Since in a dataset, reviews with certain tags go one after another, that is, first all neutral, then all negative, and so on, you need to mix them. To do this, you can use the shuffle function from scikit-learn . It is just suitable for situations when signs and class labels are in different arrays, because it allows you to mix two arrays in unison.



Model training



Now it remains to train the model and check its accuracy in the control group. As a model, we will use the model of the Naive Bayesian classifier. Scikit-learn has three Naive Bayes models depending on the distribution of data: binary, discrete, and continuous. Since the distribution of our features is discrete, we choose MultinomialNB .



The Bayesian classifier has the alpha hyper parameter , which is responsible for smoothing the model. Naive Bayes calculates the probabilities of each review belonging to all classes, for this multiplying the conditional probabilities of the appearance of all review words, provided that they belong to a particular class. But if some review word was not found in the training data set, then its conditional probability is zero, which nullifies the probability that the review belongs to any class. To avoid this, by default, one is added to all conditional word probabilities, that is, alpha equals one. However, this value may not be optimal. You can try to select alpha using grid search and cross validation.



 parameter = [1, 0, 0.1, 0.01, 0.001, 0.0001] param_grid = {'alpha': parameter} grid_search = GridSearchCV(MultinomialNB(), param_grid, cv=5) grid_search.fit(X, Y) Alpha, best_score = grid_search.best_params_, grid_search.best_score_
      
      





In my case, the grid hearth gives the optimal value of the hyperparameter equal to 0 with an accuracy of 0.965. However, such a value will obviously not be optimal for the control dataset, since there will be a large number of words not previously found in the training set. For a reference dataset, this model has an accuracy of 0.598. However, if you increase alpha to 0.1, the accuracy on the training data will drop to 0.82, and on the control data it will increase to 0.62. Most likely, on a larger data set, the difference will be more significant.



 model = MultinomialNB(0.1) model.fit(X, Y) # X_control, Y_control   ,   X  Y #        predicted = model.predict(X_control) #     score_test = accuracy_score(Y_control, predicted) #   report = classification_report(Y_control, predicted)
      
      







Output



It is assumed that the model should be used to predict reviews whose words were not used to form the vocabulary.
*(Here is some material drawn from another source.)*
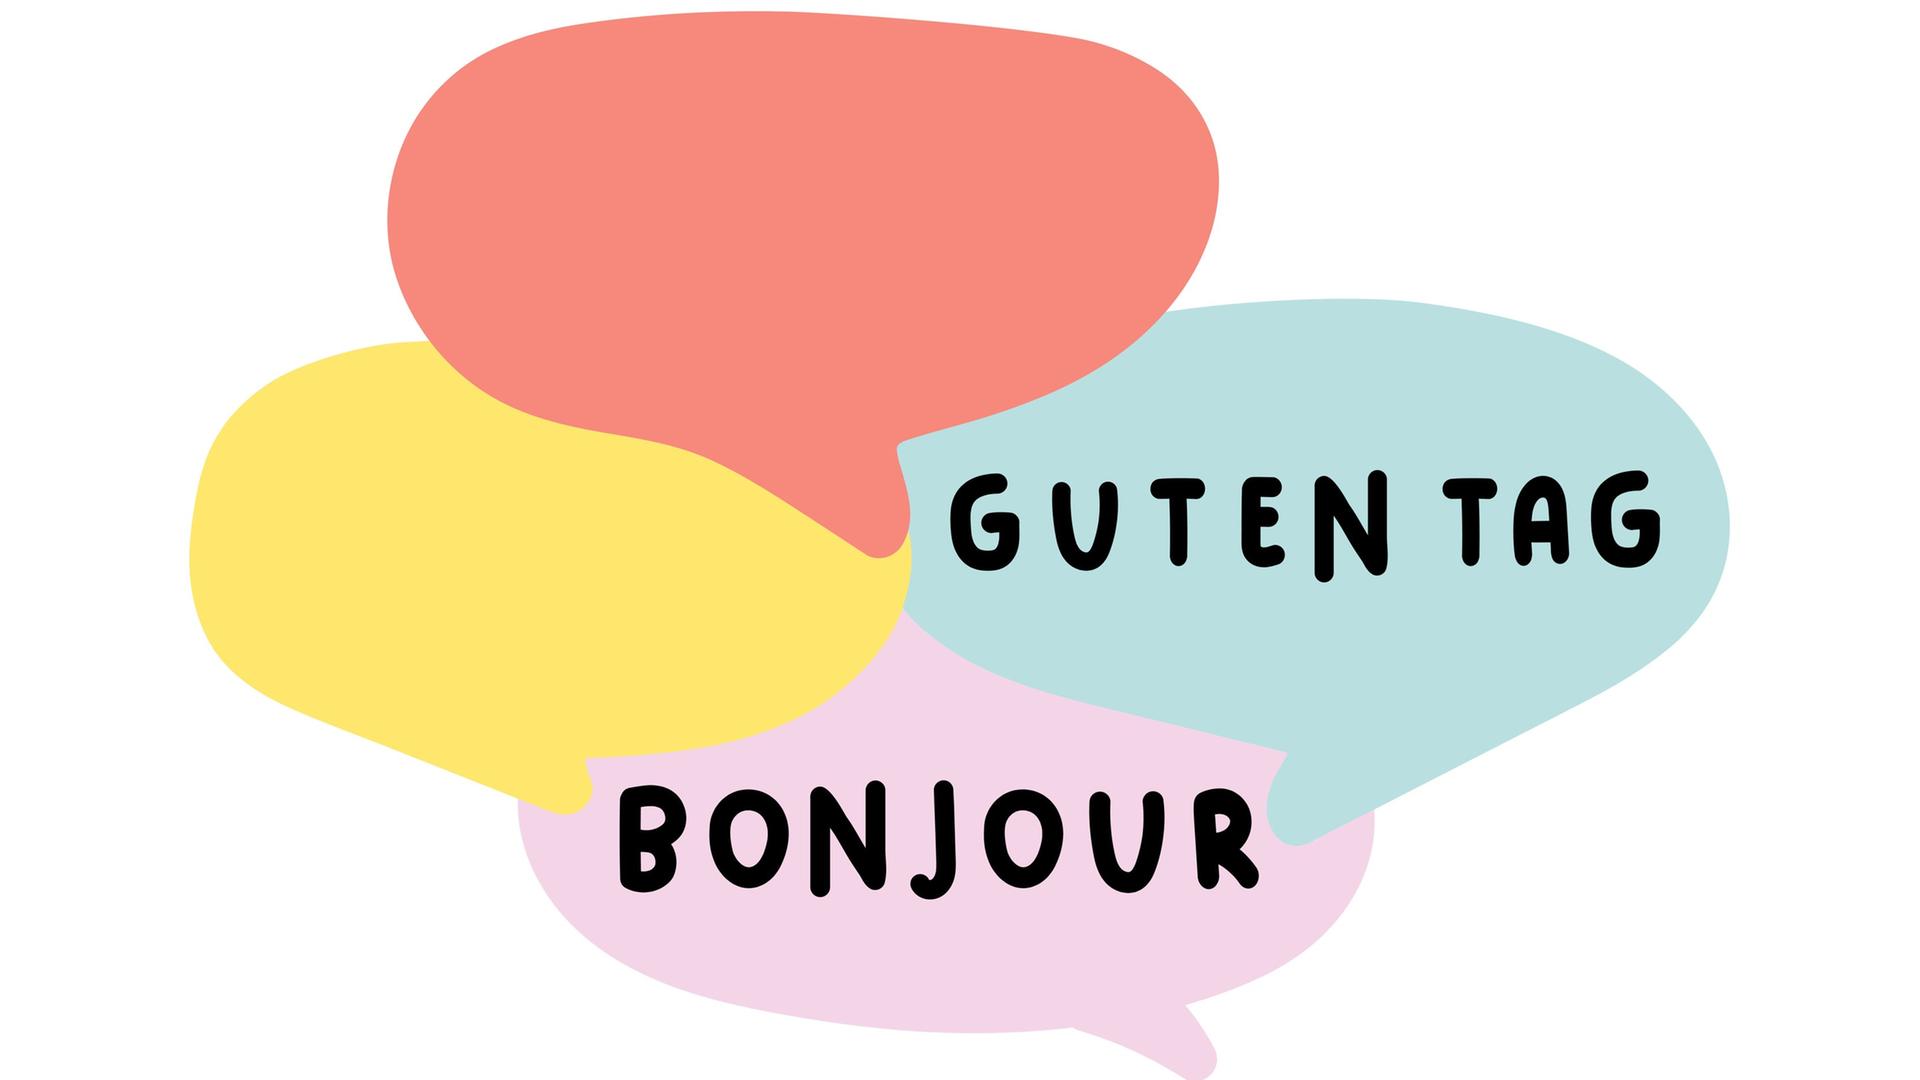 In der Illustration sind Sprechblasen mit den Worten "Bonjour" und "Guten Tag" zu sehen.

Therefore, the quality of the model can be estimated by its accuracy on the control part of the data, which is 0.62. This is almost twice better than just guessing, but the accuracy is still pretty low.



According to the classification report, it is clear that the model copes worst with reviews that have a neutral color (accuracy 0.47 versus 0.68 for positive and 0.76 for negative). Indeed, neutral reviews contain words that are characteristic of both positive and negative reviews. Probably, the accuracy of the model can be improved by increasing the volume of the dataset, since the three-thousandth data set is rather modest. Also, it would be possible to reduce the problem to a binary classification of reviews into positive and negative, which would also increase the accuracy.



Thanks for reading.



PS If you want to practice yourself, my dataset can be downloaded below the link.